- **SUPPLIED MATERIAL**
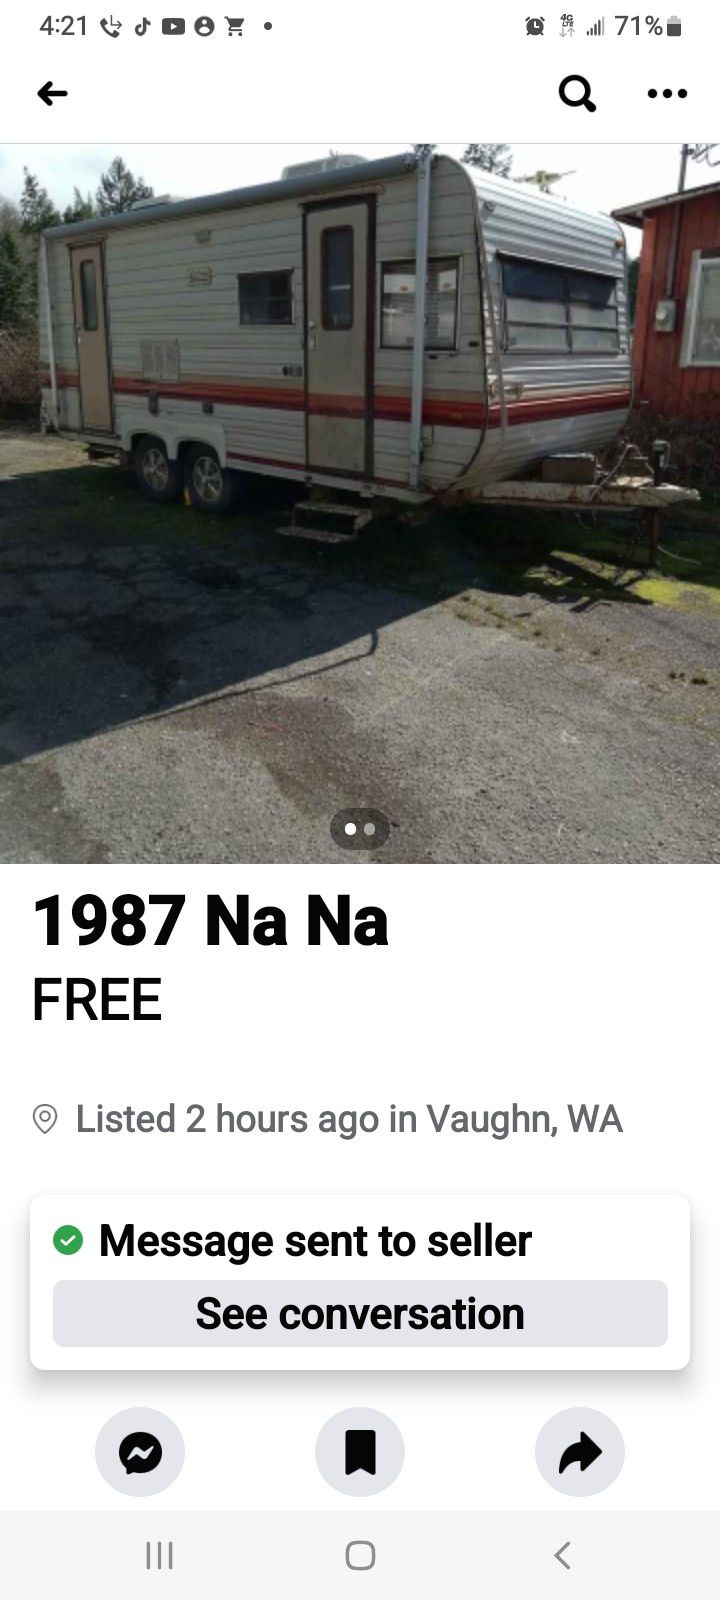 1987 travel trailer for sale
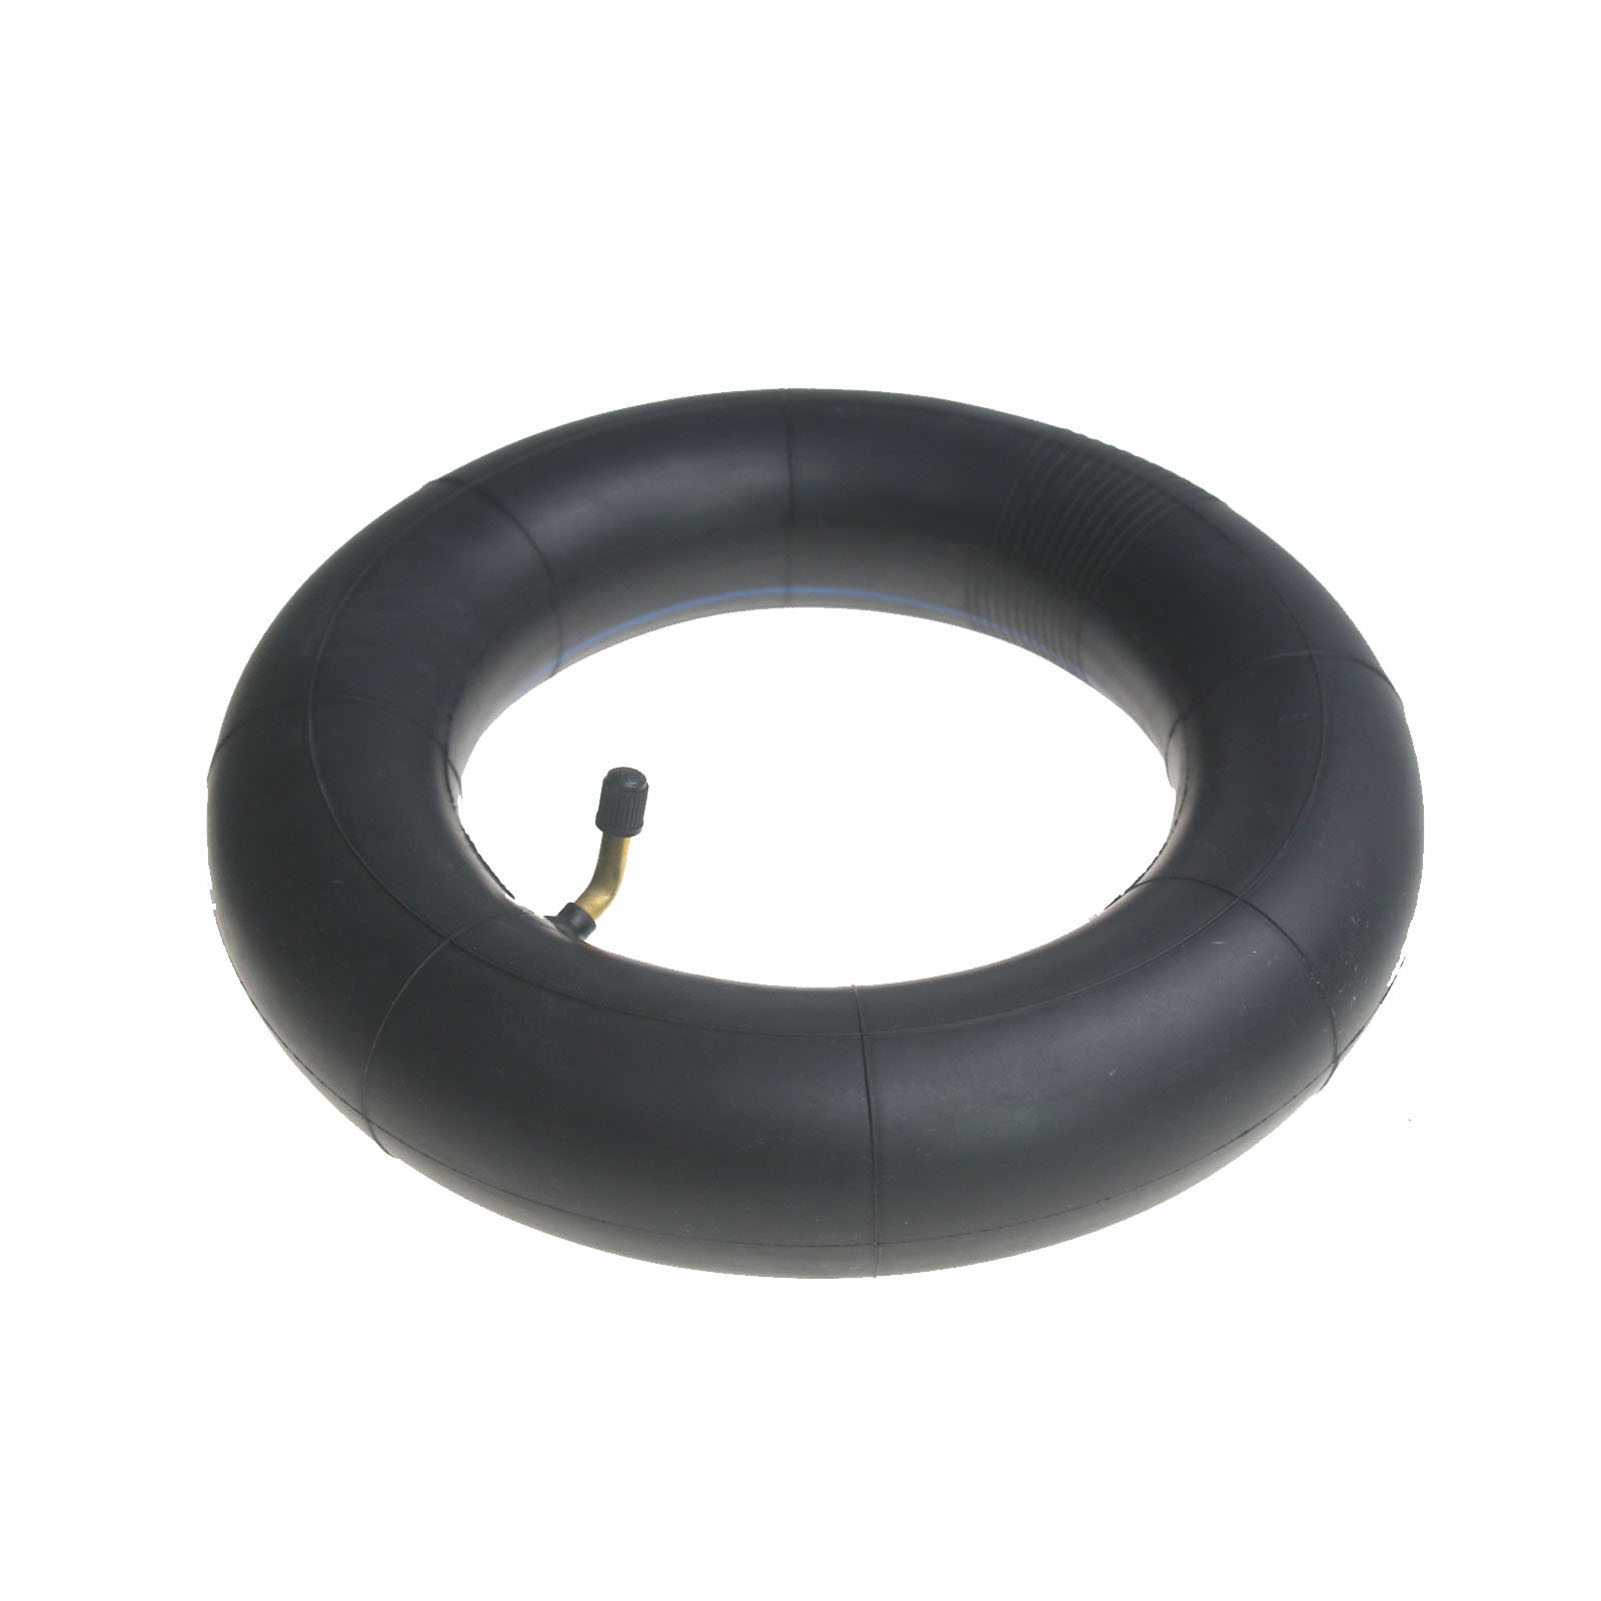 Thickened 10 * 3 Inner Tube Electric Scooter Tire 255 * 80 Inner Tube Suitable for 90/65-6.5 and 80/65-6.5 Tires 240mm Diameter Tire Electric Skateboard Inner Tube - image 1 of 5
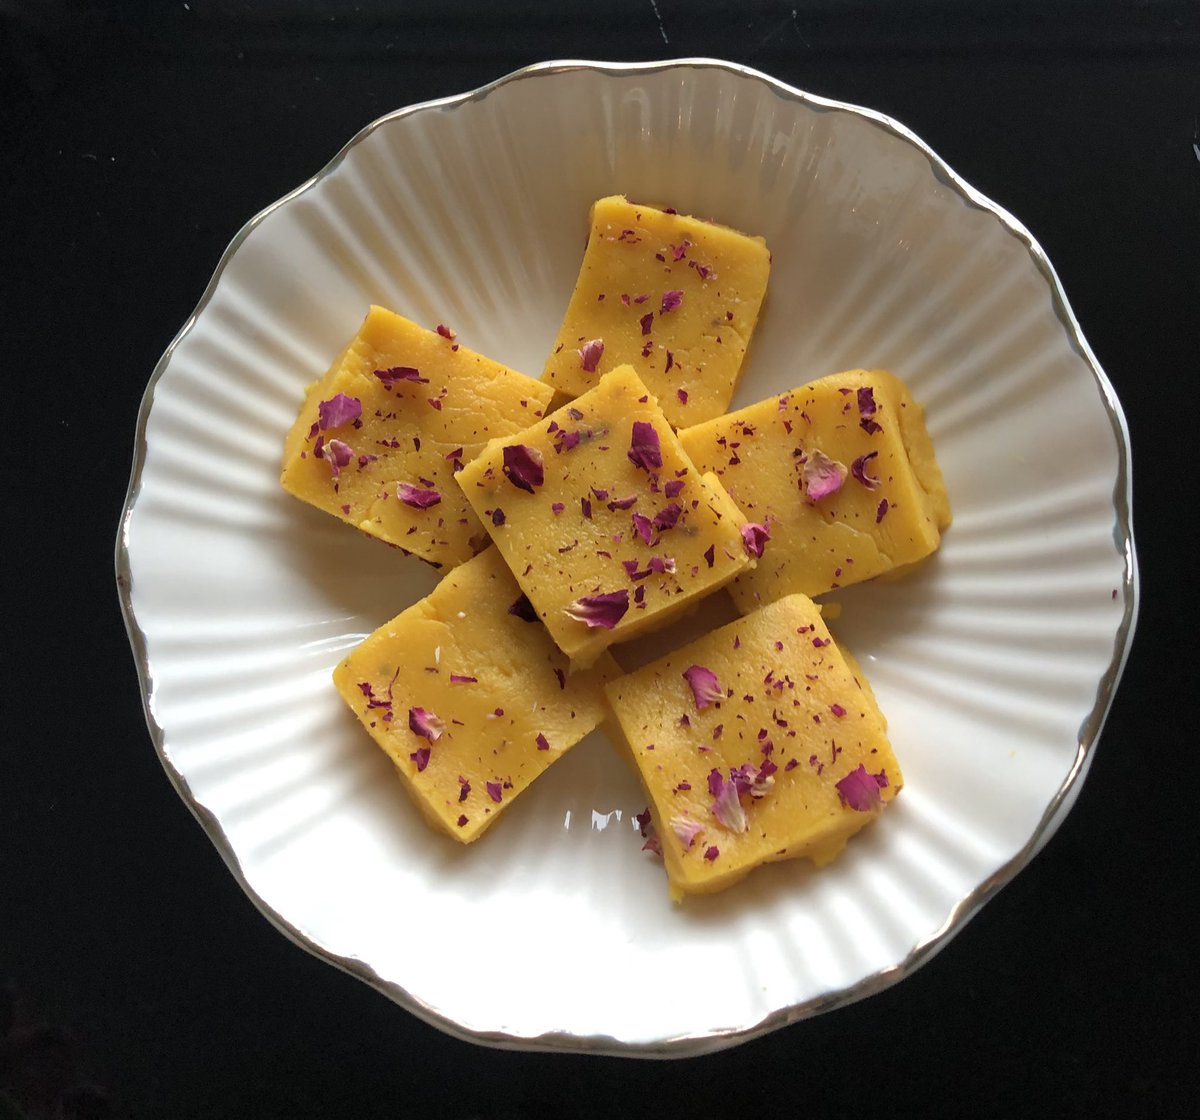 Melt-in -your-mouth goodness with a tropical twist - homemade rose mango burfi 🥭🌹🥭🌹 This is a delicious treat for any occasion. The addition of fragrant rose pastels makes its even more special. #rosemangofudge #trending #mangoburfi #rosemangoburfi #viral

- **REQUIRED WORK**
Without changing a word, transcribe all of the data and omit its images.

- **EXERCISE RESULT**
 1987 travel trailer for sale
 Thickened 10 * 3 Inner Tube Electric Scooter Tire 255 * 80 Inner Tube Suitable for 90/65-6.5 and 80/65-6.5 Tires 240mm Diameter Tire Electric Skateboard Inner Tube - image 1 of 5
 Melt-in -your-mouth goodness with a tropical twist - homemade rose mango burfi 🥭🌹🥭🌹 This is a delicious treat for any occasion. The addition of fragrant rose pastels makes its even more special. #rosemangofudge #trending #mangoburfi #rosemangoburfi #viral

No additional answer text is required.